The converted power output signals on buses (306, 326, 346) are combined and applied to an array output bus 308 to supply a common battery or regulated voltage bus 310 to provide power to a satellite or other system (e.g., satellite system 200). Unidirectional current flow devices (not shown), such as diodes, may be used to ensure current flows only in one direction from the power converter output buses (306, 326, 346) to the array output bus 308. In this embodiment, battery 310 may be a storage battery for retaining and delivering accumulated electrical energy.

While only three solar panels (204, 206, 208) are shown in FIG. 3, this is not considered limiting. The actual number of solar panels may include more than thirty-two panels or independent panel segments. The distributed or segmented nature of the power system includes the benefit that the panel power output signal of a segmented solar panel, or the output signal of a group of solar panels at a same operating point, may be applied to a power converter that can produce a converted power output signal as a function of the individual operating point of the associated panel or group of panels.

A back off control unit 312 can be used to vary the current output of one or more power converters in order to reduce the power output of the PPT system in the event that the total power supplied by the solar array exceeds the total power demand comprising the combined system load and available storage capacity. As an example, a first back off control signal on control line 314 can be asserted to vary the power output from first power converter 304. Back off control unit 312 can be used to control second power converter 324 and/or third power converter 344 in a similar fashion.

FIG. 4 shows first power converter 304 embodied in an exemplary fashion as a current-mode pulse width modulator (PWM) DC/DC converter. In this embodiment, power converter 304 includes a switch 402, a step-down converter 404, a current sensor 406, and a duty cycle controller 408. Power converter 304 receives a panel power output signal from the associated solar panel 204 on bus 302 and produces a converted power output signal on bus 306. The panel power output signal has a power level P₁ comprising the product of a first voltage V₁ and a first current I₁. In one embodiment, input bus 302 can be a single conductor power bus from first solar panel 204 where the corresponding second conductor may be grounded to the chassis or frame of the power system. Alternatively, both conductors from first solar panel 204 may comprise bus 302. Expressed algebraically, the first power level P₁ is:
P₁=I₁·V₁  Equation-1

Power converter 304 receives the first power level P₁ and produces a converted power output signal having a second power level P₂ comprising the product of a second voltage V₂ and a second current I₂ on output bus 306. Expressed algebraically, the second power level is:
P₂=I₂·V₂  Equation-2

Power converter 304 converts the first power level P₁ to the second power level P₂ in an essentially lossless manner so that the second voltage V2 may be maintained at a predetermined voltage level while the second current I₂ is maximized based on the operating point of first solar panel 204. Expressed algebraically,
P₁=P₂  Equation-3

This may also be expressed algebraically,
I₁·V₁=I₂·V₂  Equation-4

Equation-3 and Equation-4 demonstrate that, while power is reserved in a lossless system, it is possible to adjust the voltage at which the array operates to maximize the power produced by the array while the output voltage is clamped or fixed at the battery or bus voltage. For example, a buck converter (e.g., as part of power converter 304, 324, and 344), in accordance with an embodiment of the present invention, may be provided to maximize the power produced by the array.
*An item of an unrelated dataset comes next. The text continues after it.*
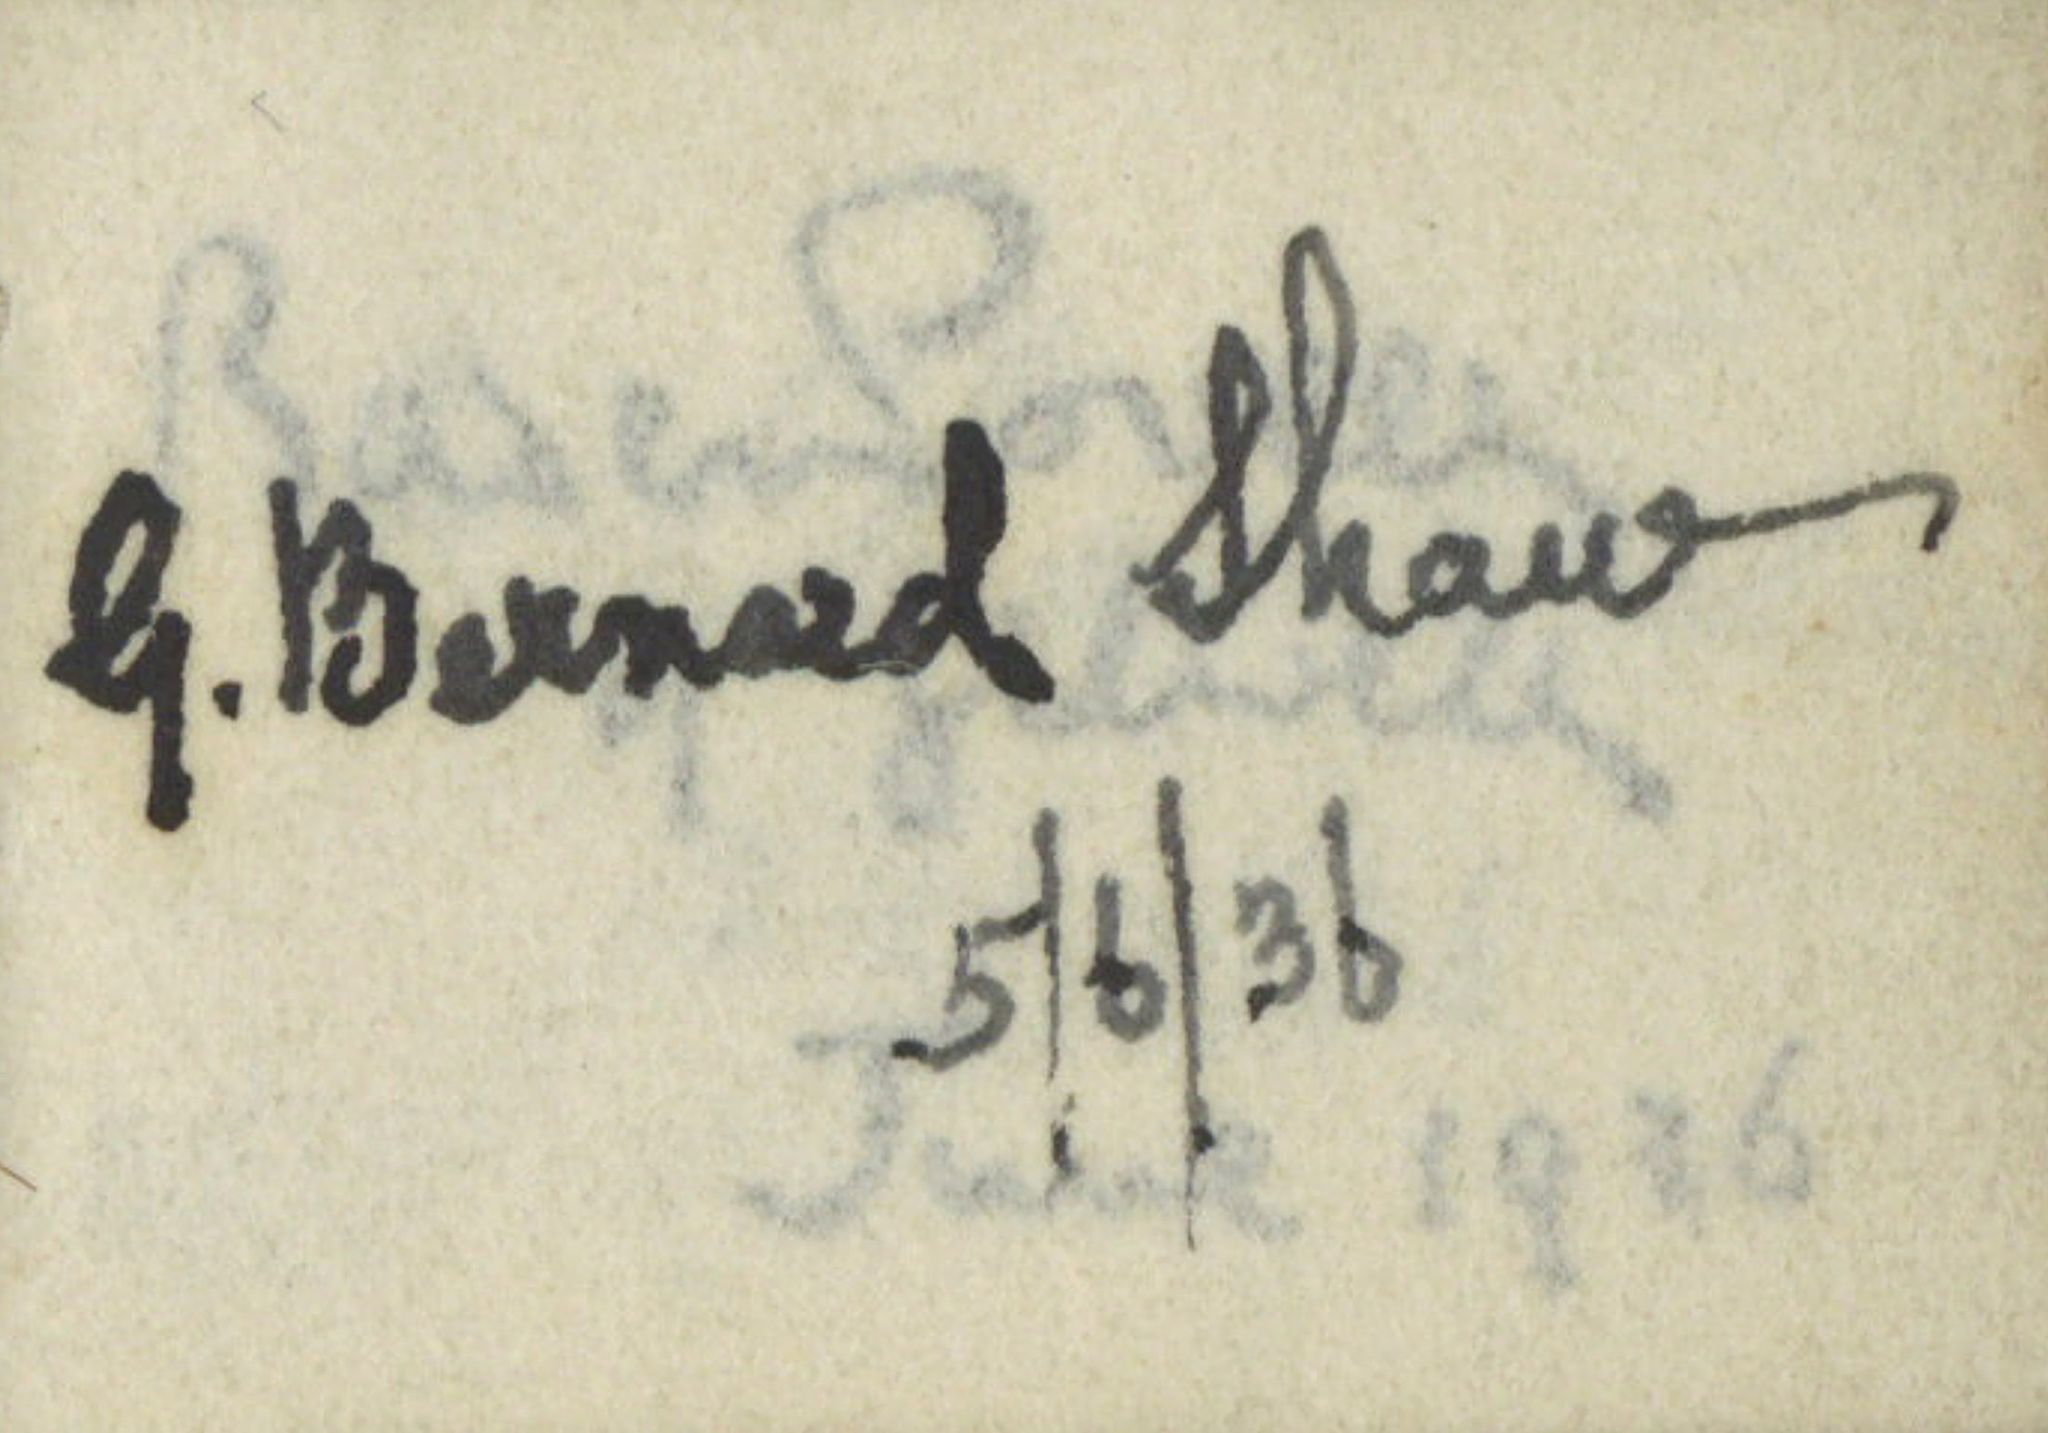 MINIATURE AUTOGRAPH BOOK - CHURCHILL, CHAMBERLAIN - Autograph book containing the signatures of - Image 4 of 4

Sensor 406 detects current I₂ on bus 306 and provides a duty cycle control signal on control line 410 to duty cycle controller 408. In this manner, the current I₂ on bus 306 is fed back to duty cycle controller 408 which controls the duty cycle, or the ratio of on-time to off-time, of switch 402 in order to maintain the proper voltage level V₂ on bus 306. Furthermore, for example, the output voltage V₂ can be maintained at an approximately constant level while the current I₂ is maximized (e.g., based on the operating point of solar panel 204).

For example, a duty cycle of 50% implies that switch 402 is activated (closed) for one-half of a time period, and a duty cycle of 30% implies switch 402 is activated for 30% of the time period. The lower duty cycle percentage corresponds to a higher array voltage while a higher duty cycle corresponds to a lower array voltage. Therefore, power from the solar array or segment of the solar array can be controlled to achieve any optimum voltage (e.g., between the array open circuit voltage and the bus or battery clamp voltage). Furthermore, power from the solar array or a segment of solar panels can be controlled to provide maximum power by appropriate adjustments to the operating point of the solar array (e.g., operating point on the current-voltage curve for a solar panel).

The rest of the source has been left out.